JAKARTA, KOMPAS.com – Kementerian Kehutanan mengumumkan draf revisi UU Konservasi menjadi Undang-Undang Keanekaragaman Hayati. Di sana diatur lebih detail tata cara pengelolaan spesies hingga ke tingkat genetikanya.
Revisi ini ditargetkan selesai tahun 2013. UU itu akan menggantikan UU No 5/1990 tentang Konservasi Sumber Daya Alam Hayati dan Ekosistemnya.
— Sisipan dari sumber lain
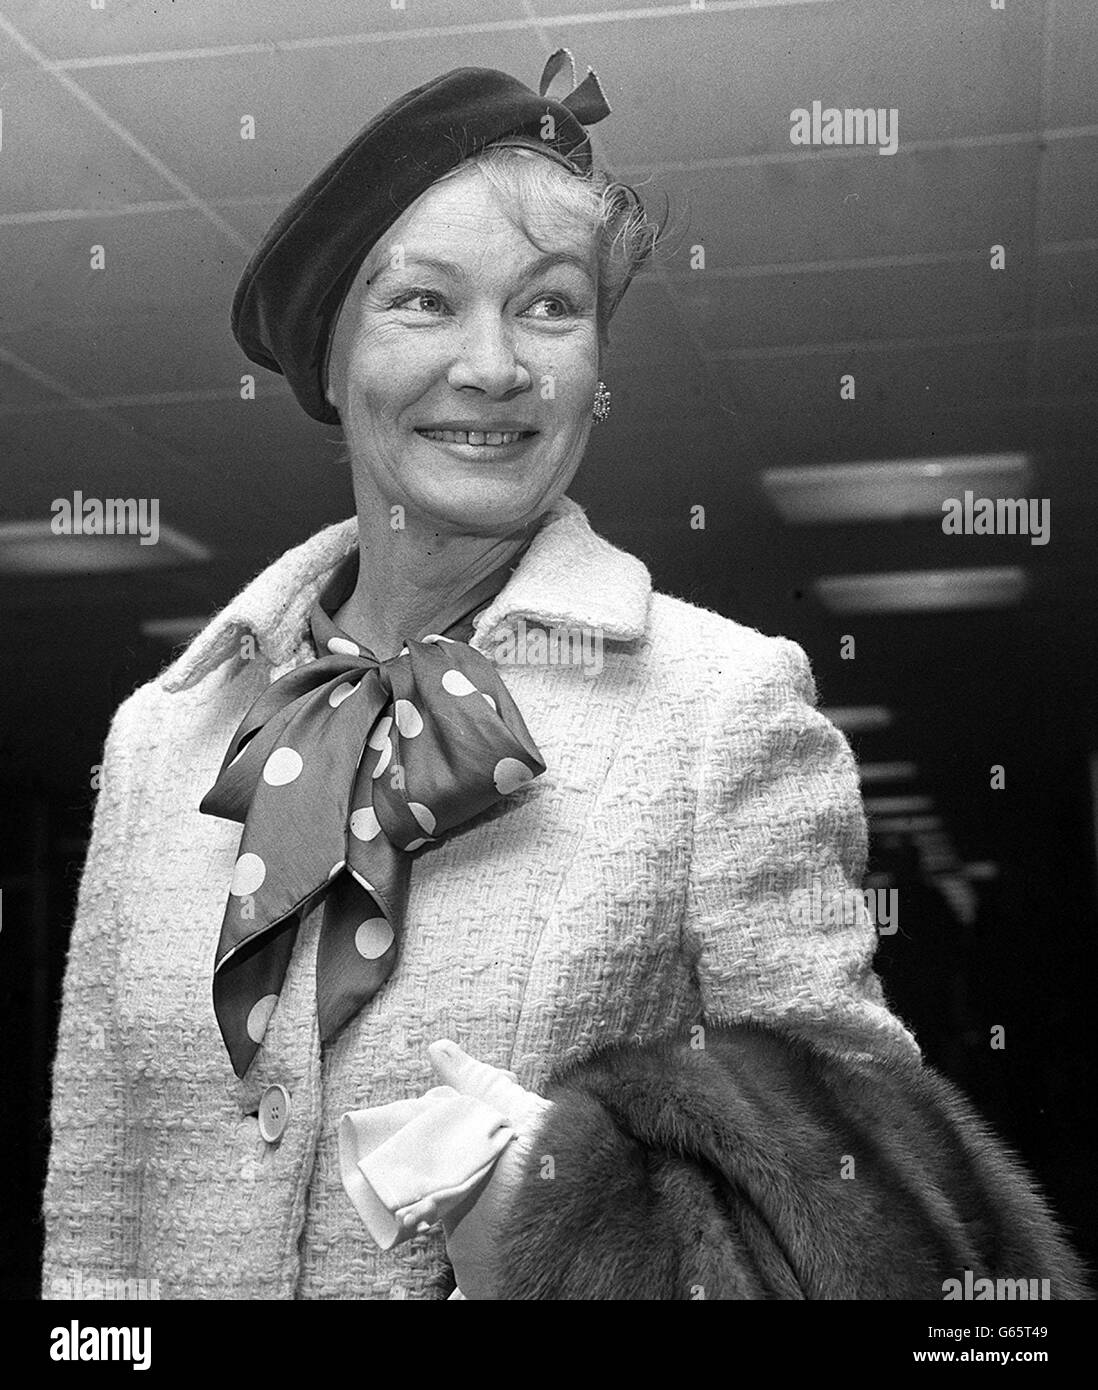 Veronica Lake, die 1940er-Filmstar mit der blonden Peek-a-boo-Frisur, erholte sich jetzt von dem Fieber, das sie bei ihrer Ankunft am Flughafen Heathrow daran hinderte, in einer kürzlich erschienenen Eamonn Andrews TV-Show zu erscheinen. Stockfoto

Direktur Jenderal Perlindungan Hutan dan Konservasi Alam Kementerian Kehutanan Darori, pekan lalu, di Jakarta, mengatakan, pihaknya mengusulkan agar hukuman bagi pelanggar UU Konservasi diperberat. Contohnya, pada UU No 5/1990, hukuman bagi pelaku yang menyimpan/memelihara/mengangkut/ memperniagakan satwa dilindungi dalam keadaan mati adalah penjara maksimal 5 tahun dan denda maksimal Rp 100 juta.
”Saya minta hukuman penjara minimal 10 tahun agar ada efek jera,” ujarnya. Ia mencatat, vonis hakim tertinggi pada penyelundupan penyu di Kalimantan Timur oleh warga negara asing ”hanya” penjara 4 tahun, kapal dilelang, dan penyu dimusnahkan. Vonis kasus jual-beli kulit harimau sumatera hanya 3 bulan.
Secara terpisah, Nazir Foead, Direktur Konservasi WWF-Indonesia, mengharapkan aspek kesejahteraan masyarakat di dalam atau di sekitar areal konservasi diperhatikan melalui revisi UU Konservasi. Libatkan masyarakat hutan dalam setiap perencanaan, pemanfaatan, dan perlindungan sumber daya alam hayati.